Я уже понимал, что умею сидеть "лягушкой" и что это только моя удивительная способность. Когда оставался с телевизором подолгу один на один, то воспринимал себя частью той реальности. Искал, где находится вход в нее, где она прячется в этом ящике, чтобы оказаться тоже внутри. Обычно, глядя в телевизор, все менее чувствовал себя и все вокруг в квартире настоящим. Входа нет - или о нем не говорят только мне одному. Я прислонял, бывало, лицо прямо к слепящему стеклу экрана, вытерпливая резь и боль, заставлял себя не закрывать глаза и, ослепленный, видел вдруг не изображение, а хаотичный вихрь черных и белых точек. Но стоило отстраниться, хаос точек живо собирался в реальность. В этой реальности удивляло и угнетало разнообразие человеческих лиц. Я не понимал и пугался, зачем все люди такие разные, не похожие друг на друга. В этом чудился какой-то обман, что-то опять же не настоящее.
В телевизоре никогда не являлось знакомых мне лиц или хоть похожих - на маму, отца, сестру. И ничего из того, что окружало нас в квартире. Вдобавок все в нем было черно-белым. Наверное, было ощущение, что есть две жизни и два мира. Оно, это ощущение, обретало себя в странных склонностях: к примеру, все в доме страдали от того, что я прятал их вещи, обычно мелкие, доступные по силам, будто их и не должно было существовать. Когда они переставали существовать, я уже не осознавал, куда и что запрятывал. Утраченный предмет оказывался порой до того важным, что происшедшее оставалось навсегда в моей памяти. Так я залез к матери в сумочку и утащил пропуск ее на работу. Пропуск запрятал в книгах, на полке, и забыл. А ее не пустили без него на работу. она металась, искала его, трясла меня, чтобы сказал, куда спрятал. Потом, только со временем, он отыскался.
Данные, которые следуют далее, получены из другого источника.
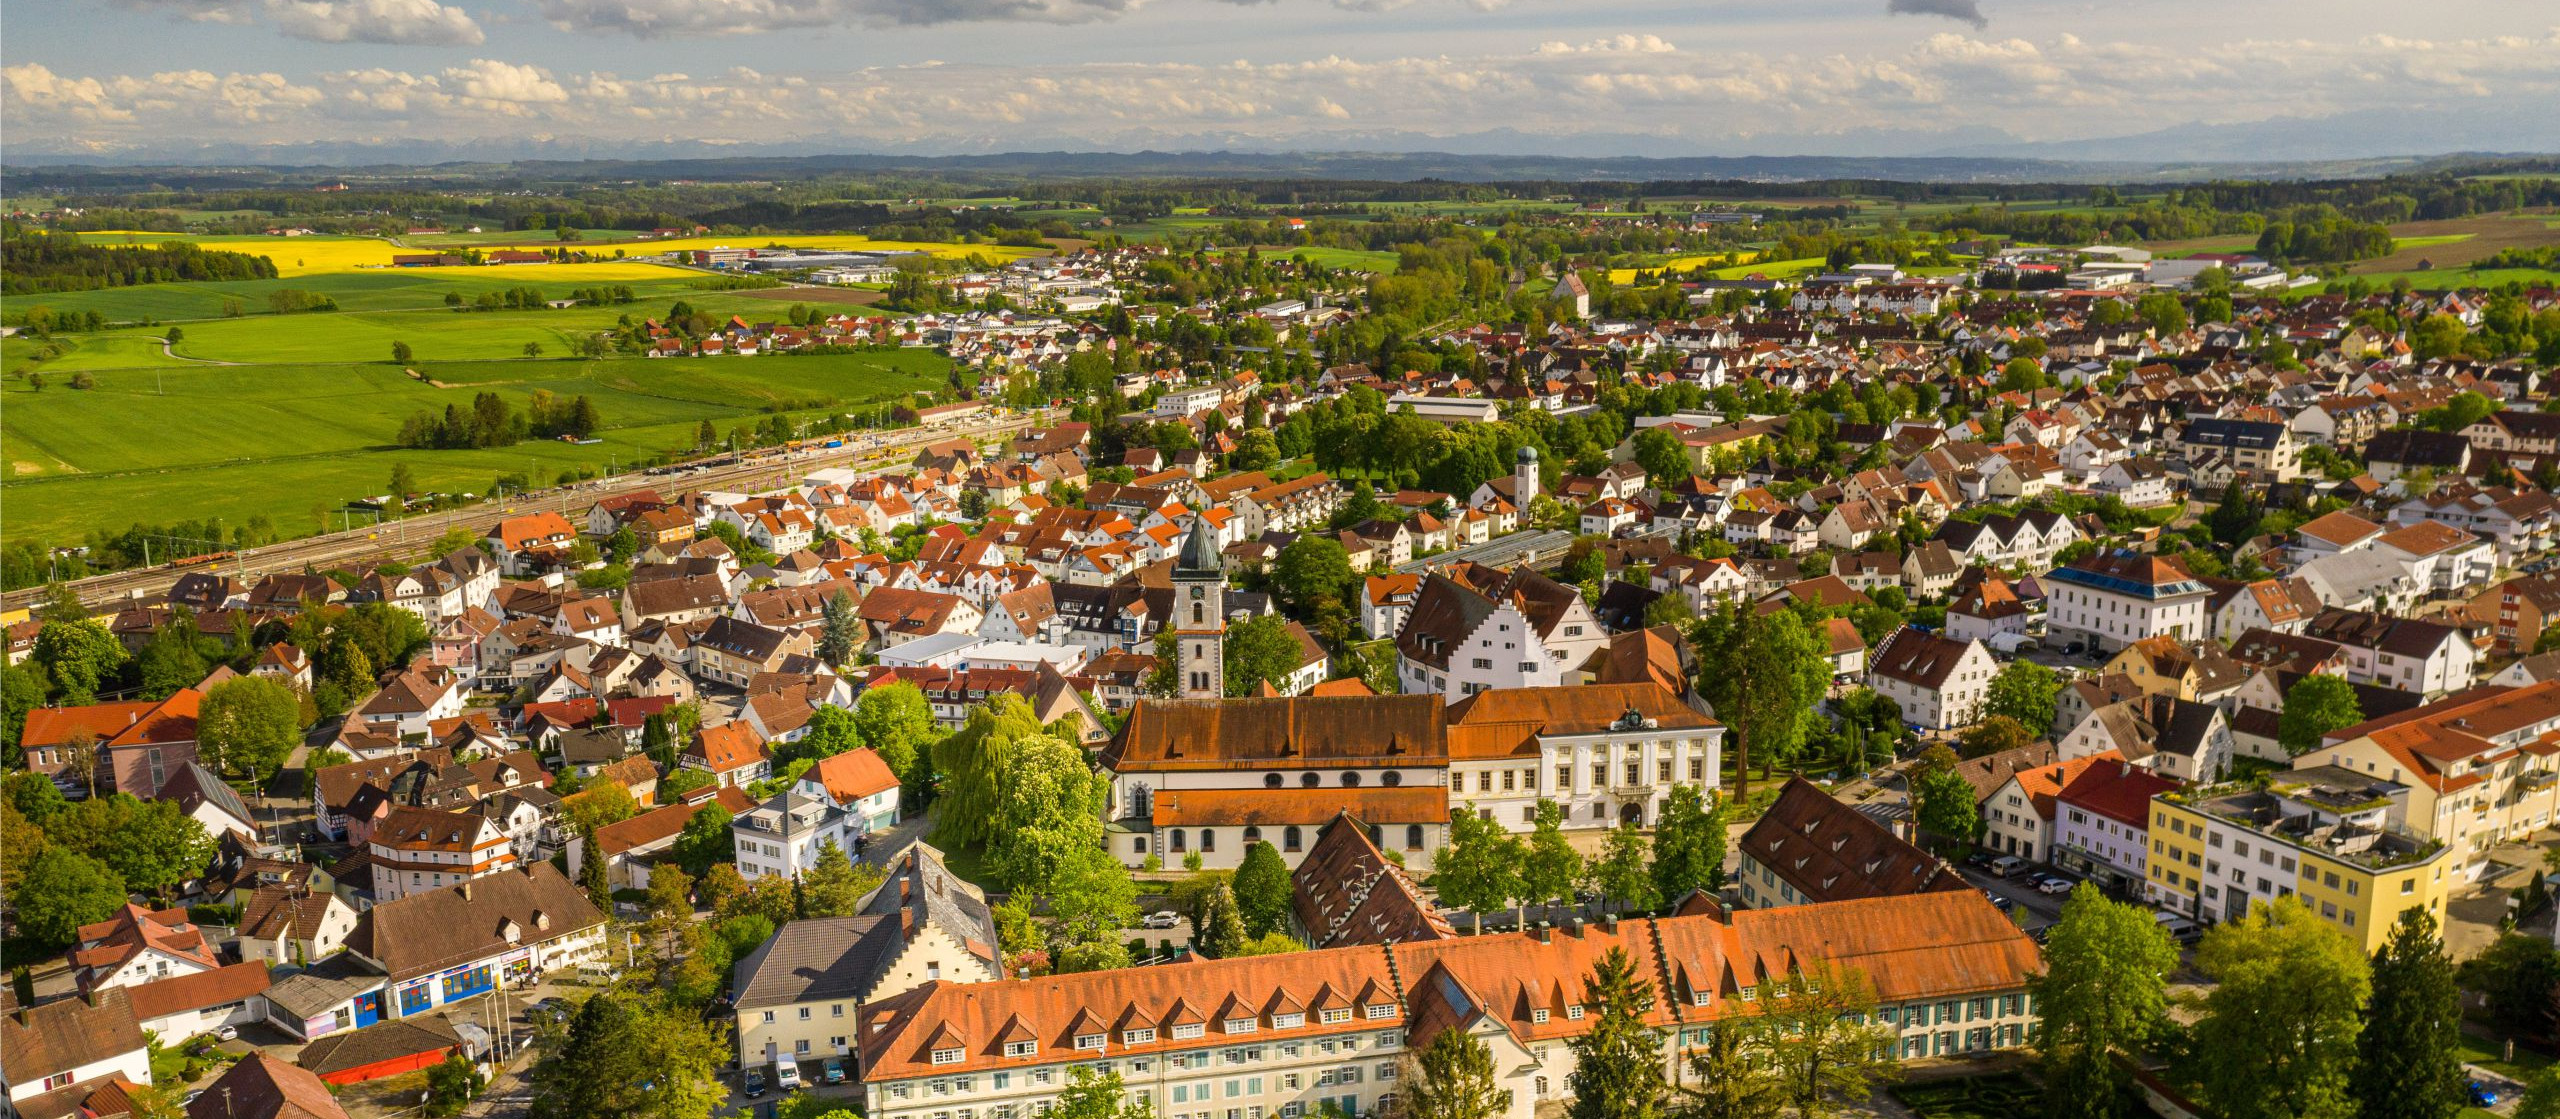 Luftaufnahme Stadtkern Aulendorf

Еще все казалось несоразмерным: отчетливо помню, как озираю нашу комнату, и она кажется мне огромной, будто снесли стену и из двух комнат сделали одну. Огромны все предметы и мебель. Все игры, которые сам себе придумывал, были попыткой покорить этот простор, с одной стороны, а с другой - спрятаться.
Залезал по книжной полке под самый потолок, а потом орал, чтобы сняли, потому что слезть с нее уже боялся. Залезть всегда норовил куда повыше, откуда все уменьшалось, но на высоте как стужей охватывало и отнимались руки-ноги. Больше всего любил устраивать себе нору или домик под постелью, для чего ее нарочно раскладывали. Зазоры заделывал кубиками или занавешивал. Внутрь залезал с фонариком - это был фонарь на динамо-машинке, который светил лишь тогда, когда его жали в руке. Добывая из него свет, никак не мог уснуть. А только уставал, как укрывалище погружалось в темноту. И частенько в ней засыпал, будто слушался наступления ночи. Туда мне приносили еду, а иногда заглядывали ко мне, будто в гости, и это было самое чудное, когда я лежал в полутьме своей расщелины, а из другого мира являлось в щелке лицо матери. Еще любил наблюдать из-под постели, что делалось в комнате.
Шкура медведя на полу, под ногами. Чучела птиц надо мной. В шкуре нравилась шерсть, и нравилось заглядывать в медвежью пасть. Заглядывая, вдруг ощущал ужас от мысли, что медведь и сейчас может быть живым, глаза его из шариков, стеклянные, глядели совсем как живые. К шкуре из-за этого относился все же больше как к живому существу, был с ней добрым - гладил шерстку. А чучел птиц не любил. Они, два чучела, сидели на ветках, а ветки были приколочены очень высоко, и из-за этого в них мерещилось что-то хищное. Одно чучело было белое, полярной куропатки, а второе - глухаря. Понимал, что они неживые: отец раз снял со стены куропатку и показал, чтобы не боялся, какой сушью была она набита.
Одну стену в комнате занавешивала рыбацкая сеть, как бы украшала, потому что на сети этой были развешаны засушенные рыбы, разные кораллы, морские звезды, крабы - все отцово богатство. Я любил обламывать кораллы и любил, когда отец с упоением рассказывал о них, об акулах и крабах, будто бы поднятых тут же этой сетью из океанской пучины. Он забывался и начинал жестикулировать, показывая, какие огромные в океане ходят волны, как огромны океанские глубины, и это словцо, "океан", сделалось в моем сознании подобием чего-то чудовищного. Рыбы океанские, хоть многие из них выглядели и впрямь чудовищами, однако не отпугивали: живость являлась разве на то время, когда о них рассказывал, махая руками и сверкая глазами, мой отец.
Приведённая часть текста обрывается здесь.